Storage bugs are nasty. I suggest reading this article to understand how tricky these can be. The article talks about memory allocators (even though it calls them storage) but the same rules apply. And the most important rule from this article?
WHEN A MEMORY DAMAGE BUG IS OBSERVED, IT TAKES PRIORITY OVER ALL OTHER BUG FIXES, ENHANCEMENTS, OR ANY OTHER DEVELOPMENT ACTIVITY. ALL DEVELOPMENT CEASES UNTIL IT IS FOUND.
You can read the article for the full reasoning why, but basically is about being able to reproduce and fix the bug and not make it “go away” with a hammer approach. We do the same with data corruption. One of our developers stops doing anything else and investigate just that, as a top priority issue. Because we take this so seriously, we have built several layers of defense in depth into RavenDB.
All the data is signed and we compare hashed when reading from disk to validate that it hasn’t been modified. This also help us catch an enormous amount of problems with storage devices and react to them early. There are other checks that are being run to verify the integrity of the system, from debug asserts to walking the structure of the data and verifying its correctness.
In this case, analysis of the data the user provided showed that we were failing the hash validation, which should usually only happen if there is a physical file corruption.
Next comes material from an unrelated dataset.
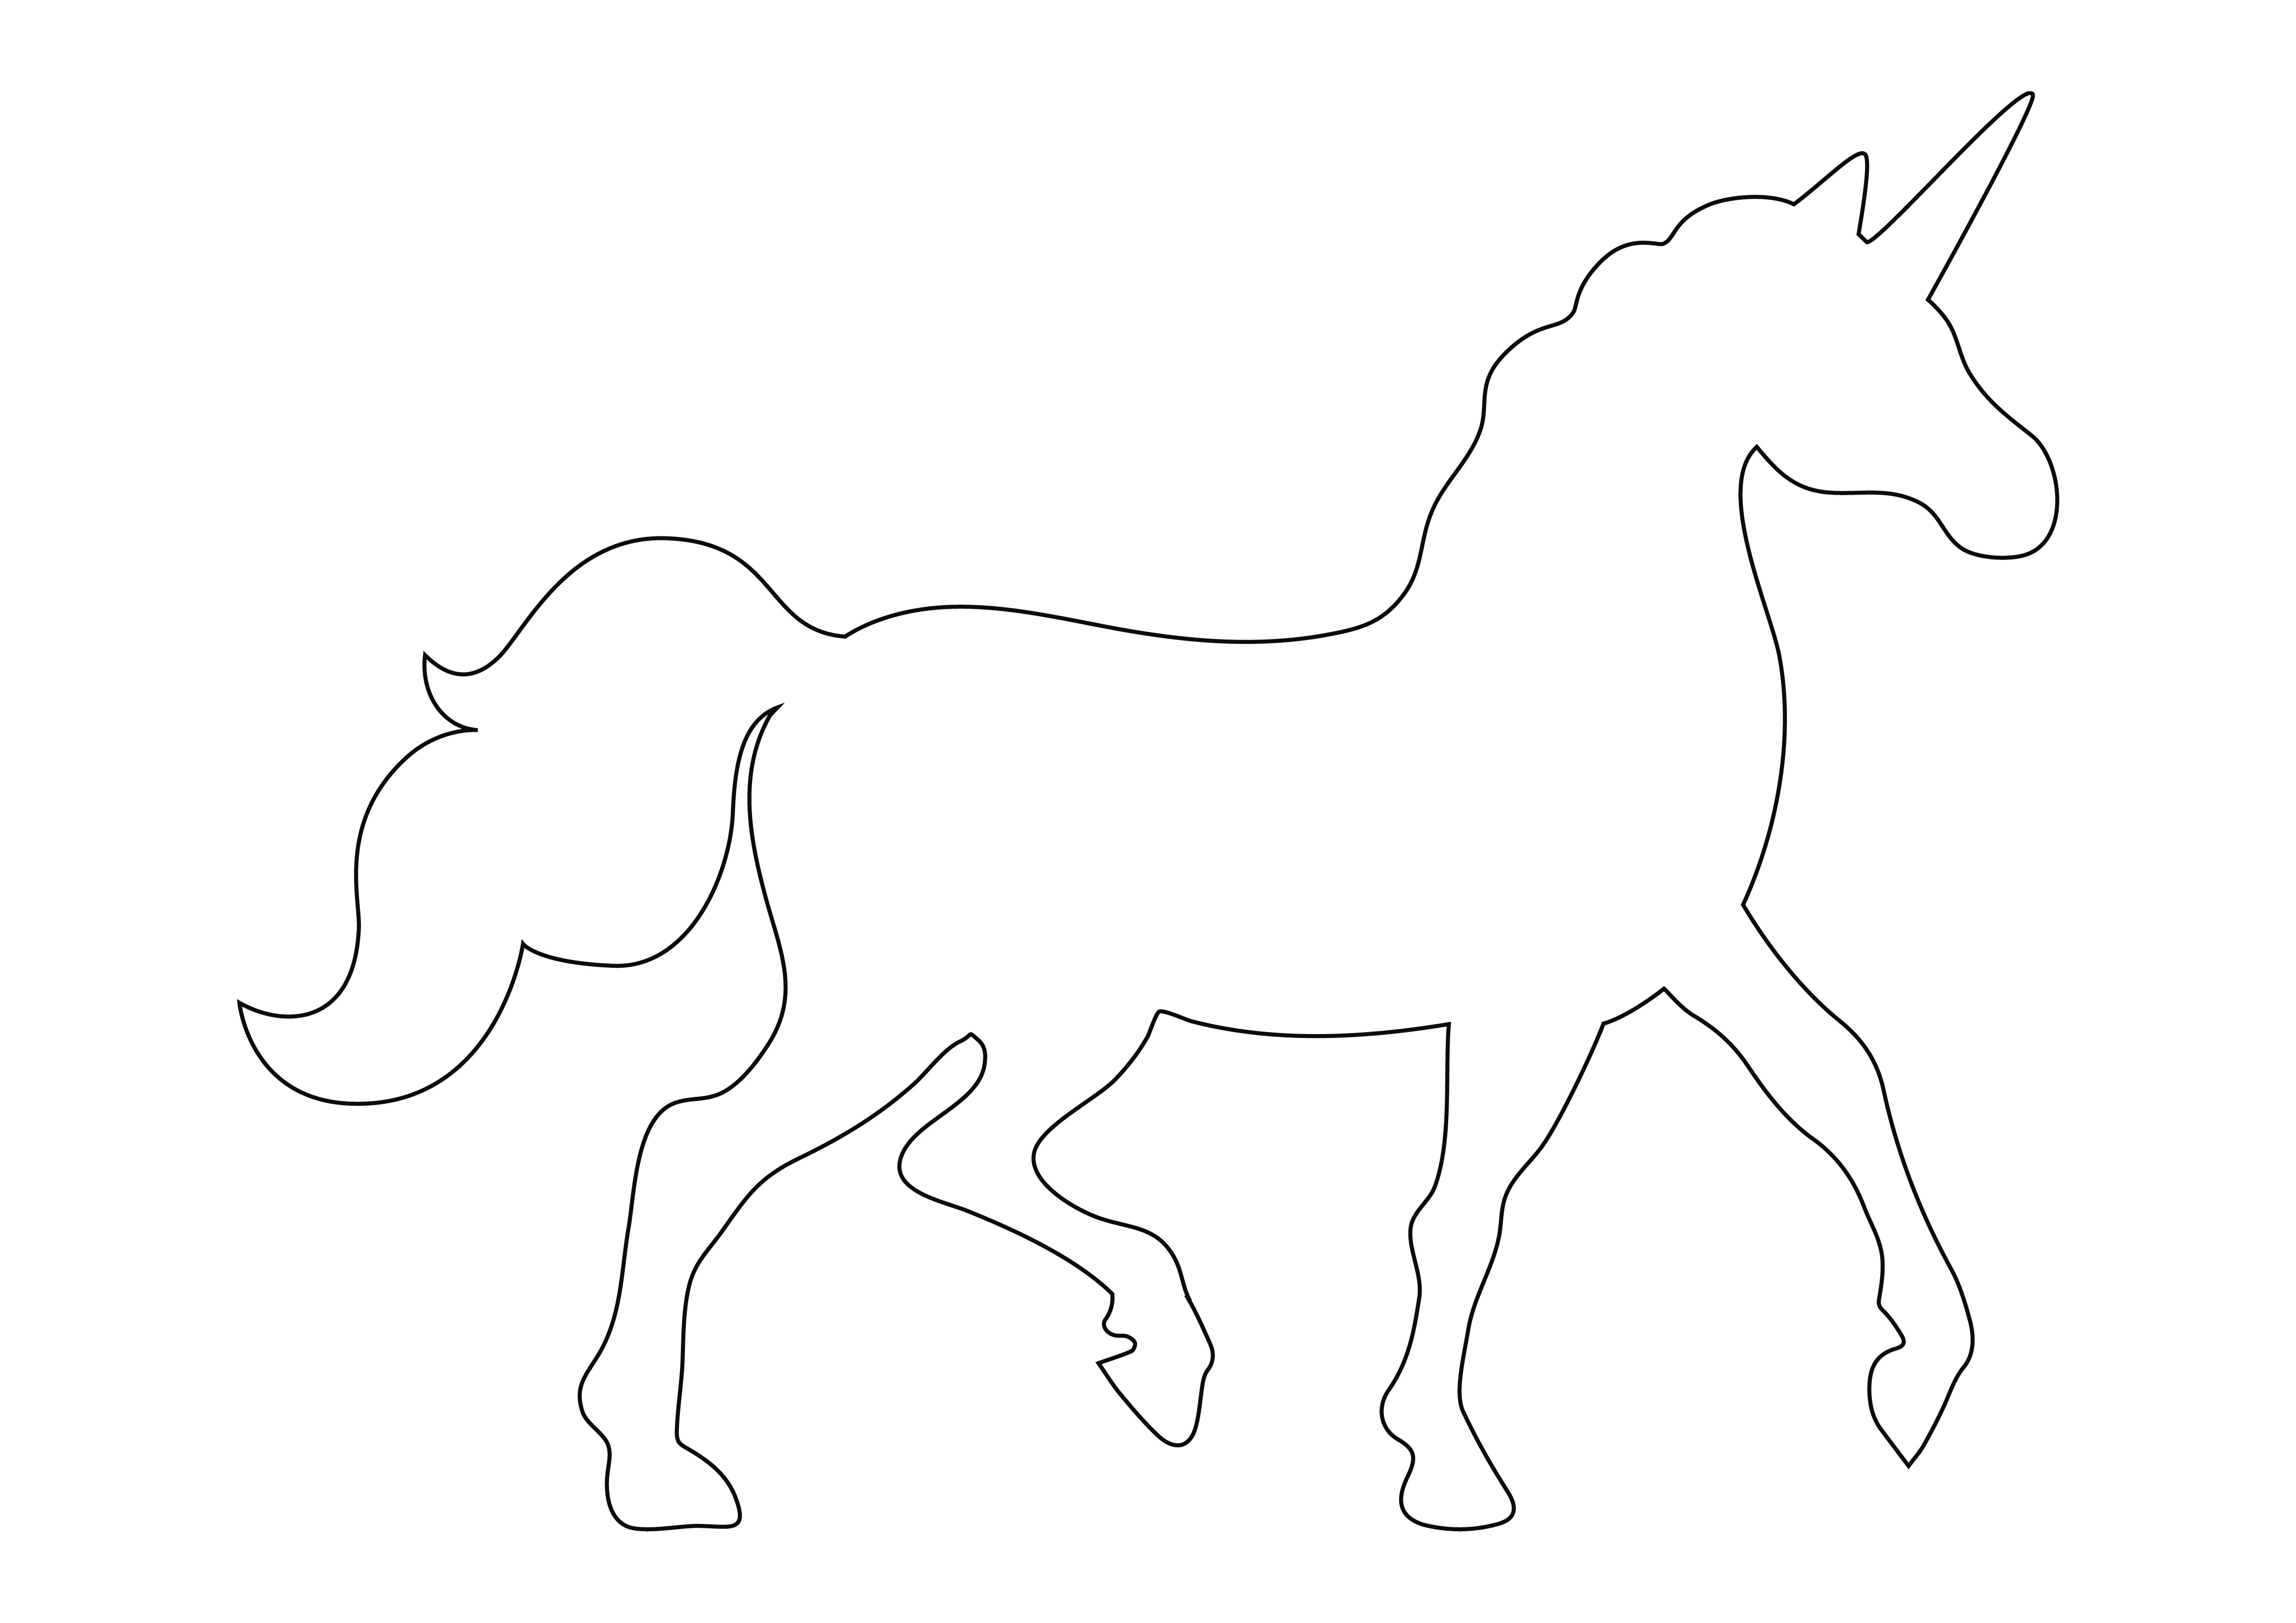 Unicorn for easy-to-create personalized unicorns through coloring and free printing

While we were rooting for that (since this would mean no issues with our code), we also looked into the error in detail. What we found was that we were somehow starting to read a document from the middle, instead of the beginning. Somehow we managed to mess up the document offset and that caused us to think that the document was corrupted.
At this point, we had a confirmed data corruption issue, since obviously we shouldn’t lose track of where we put the documents. We pulled another developer into this, to try to reproduce the behavior independently while checking if would salvage the user’s data from the corrupted files. This deserve some explanation. We don’t assume that our software is perfect, so we took steps in advanced. The hashing the data and validating it is one such step, but another is build, upfront, the recovery tools for when the inevitable happens. That meant that the way we lay out the data on disk was designed, upfront and deliberately, to allow us to recover the data in the case of corruption.
Admittedly, I was mostly thinking about corruption of the data as a result of physical failure, but the way we lay out the data on disk also protect us from errors in record keeping such as this one. This meant that we were able to extract the data out and recover everything for the user.
At this time, we had a few people trying to analyze the issue and attempting to reproduce it. The problem with trying to figure out this sort of issue from the resulting file is that by the time you have found the error, this is too late, the data is already corrupted and you have been operating in a silent bad state for a while, until it finally got to the point this become visible.
We had the first break in the investigation when we managed to reproduce this issue locally on a new database. That was great, because it allowed us to rule out some possible issues related to upgrading from an earlier version, which was one of the directions we looked at. The bad part was that this was reproduced mostly by the developer in question repeatedly hitting the keyboard with his head in frustration. So we didn’t have a known way to reproduce this.
Yes, I know that animated GIFs are annoying, so was this bug, I need a way to share the pain. At one point we got something that could reliably generate an error, it was on the 213th write to the system. Didn’t matter what write, but the 213th write will always produce an error. There is nothing magical about 213, by the way, I remember this value because we tried so very hard to figure out what was magical about it.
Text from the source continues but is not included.